• [EXCERPTED RECORDS]:
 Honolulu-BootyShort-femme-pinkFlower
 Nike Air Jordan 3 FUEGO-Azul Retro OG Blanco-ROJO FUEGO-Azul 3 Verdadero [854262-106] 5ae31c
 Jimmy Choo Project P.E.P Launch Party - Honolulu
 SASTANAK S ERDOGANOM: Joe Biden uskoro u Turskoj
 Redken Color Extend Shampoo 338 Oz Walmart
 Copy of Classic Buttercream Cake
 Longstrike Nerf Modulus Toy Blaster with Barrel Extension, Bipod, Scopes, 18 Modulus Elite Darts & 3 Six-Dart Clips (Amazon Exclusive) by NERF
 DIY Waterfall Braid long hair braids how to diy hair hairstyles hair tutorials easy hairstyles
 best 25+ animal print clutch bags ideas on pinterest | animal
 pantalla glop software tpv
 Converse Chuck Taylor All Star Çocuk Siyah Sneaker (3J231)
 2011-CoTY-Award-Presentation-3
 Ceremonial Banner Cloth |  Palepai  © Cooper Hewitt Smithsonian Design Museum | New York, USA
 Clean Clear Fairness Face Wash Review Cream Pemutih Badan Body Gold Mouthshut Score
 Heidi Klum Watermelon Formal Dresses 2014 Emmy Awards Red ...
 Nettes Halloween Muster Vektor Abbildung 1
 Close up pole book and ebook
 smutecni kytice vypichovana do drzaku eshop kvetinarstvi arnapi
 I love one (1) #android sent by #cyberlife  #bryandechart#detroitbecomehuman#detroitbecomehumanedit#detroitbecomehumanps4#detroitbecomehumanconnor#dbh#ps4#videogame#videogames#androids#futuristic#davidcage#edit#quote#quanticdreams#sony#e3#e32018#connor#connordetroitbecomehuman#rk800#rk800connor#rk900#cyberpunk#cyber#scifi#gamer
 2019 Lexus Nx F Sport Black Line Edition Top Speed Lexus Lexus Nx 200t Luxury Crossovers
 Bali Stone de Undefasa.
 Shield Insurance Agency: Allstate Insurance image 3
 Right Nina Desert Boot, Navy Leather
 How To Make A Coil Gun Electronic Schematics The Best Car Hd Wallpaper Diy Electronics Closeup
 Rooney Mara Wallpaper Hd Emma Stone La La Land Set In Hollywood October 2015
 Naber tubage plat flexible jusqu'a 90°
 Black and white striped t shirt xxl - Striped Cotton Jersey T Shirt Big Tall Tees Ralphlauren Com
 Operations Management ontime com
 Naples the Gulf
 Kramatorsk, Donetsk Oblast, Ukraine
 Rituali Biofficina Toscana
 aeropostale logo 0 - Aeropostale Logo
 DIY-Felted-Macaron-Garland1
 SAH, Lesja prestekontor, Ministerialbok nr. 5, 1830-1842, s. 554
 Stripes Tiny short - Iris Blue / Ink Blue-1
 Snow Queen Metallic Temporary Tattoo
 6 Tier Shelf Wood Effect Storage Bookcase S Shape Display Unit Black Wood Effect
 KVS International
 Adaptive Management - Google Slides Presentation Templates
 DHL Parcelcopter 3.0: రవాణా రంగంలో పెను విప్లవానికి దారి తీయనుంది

• [TASK DETAILS]: Copy out the whole listing, exactly as written.

• [SOLUTION TO THIS TASK]:
 Honolulu-BootyShort-femme-pinkFlower
 Nike Air Jordan 3 FUEGO-Azul Retro OG Blanco-ROJO FUEGO-Azul 3 Verdadero [854262-106] 5ae31c
 Jimmy Choo Project P.E.P Launch Party - Honolulu
 SASTANAK S ERDOGANOM: Joe Biden uskoro u Turskoj
 Redken Color Extend Shampoo 338 Oz Walmart
 Copy of Classic Buttercream Cake
 Longstrike Nerf Modulus Toy Blaster with Barrel Extension, Bipod, Scopes, 18 Modulus Elite Darts & 3 Six-Dart Clips (Amazon Exclusive) by NERF
 DIY Waterfall Braid long hair braids how to diy hair hairstyles hair tutorials easy hairstyles
 best 25+ animal print clutch bags ideas on pinterest | animal
 pantalla glop software tpv
 Converse Chuck Taylor All Star Çocuk Siyah Sneaker (3J231)
 2011-CoTY-Award-Presentation-3
 Ceremonial Banner Cloth |  Palepai  © Cooper Hewitt Smithsonian Design Museum | New York, USA
 Clean Clear Fairness Face Wash Review Cream Pemutih Badan Body Gold Mouthshut Score
 Heidi Klum Watermelon Formal Dresses 2014 Emmy Awards Red ...
 Nettes Halloween Muster Vektor Abbildung 1
 Close up pole book and ebook
 smutecni kytice vypichovana do drzaku eshop kvetinarstvi arnapi
 I love one (1) #android sent by #cyberlife  #bryandechart#detroitbecomehuman#detroitbecomehumanedit#detroitbecomehumanps4#detroitbecomehumanconnor#dbh#ps4#videogame#videogames#androids#futuristic#davidcage#edit#quote#quanticdreams#sony#e3#e32018#connor#connordetroitbecomehuman#rk800#rk800connor#rk900#cyberpunk#cyber#scifi#gamer
 2019 Lexus Nx F Sport Black Line Edition Top Speed Lexus Lexus Nx 200t Luxury Crossovers
 Bali Stone de Undefasa.
 Shield Insurance Agency: Allstate Insurance image 3
 Right Nina Desert Boot, Navy Leather
 How To Make A Coil Gun Electronic Schematics The Best Car Hd Wallpaper Diy Electronics Closeup
 Rooney Mara Wallpaper Hd Emma Stone La La Land Set In Hollywood October 2015
 Naber tubage plat flexible jusqu'a 90°
 Black and white striped t shirt xxl - Striped Cotton Jersey T Shirt Big Tall Tees Ralphlauren Com
 Operations Management ontime com
 Naples the Gulf
 Kramatorsk, Donetsk Oblast, Ukraine
 Rituali Biofficina Toscana
 aeropostale logo 0 - Aeropostale Logo
 DIY-Felted-Macaron-Garland1
 SAH, Lesja prestekontor, Ministerialbok nr. 5, 1830-1842, s. 554
 Stripes Tiny short - Iris Blue / Ink Blue-1
 Snow Queen Metallic Temporary Tattoo
 6 Tier Shelf Wood Effect Storage Bookcase S Shape Display Unit Black Wood Effect
 KVS International
 Adaptive Management - Google Slides Presentation Templates
 DHL Parcelcopter 3.0: రవాణా రంగంలో పెను విప్లవానికి దారి తీయనుంది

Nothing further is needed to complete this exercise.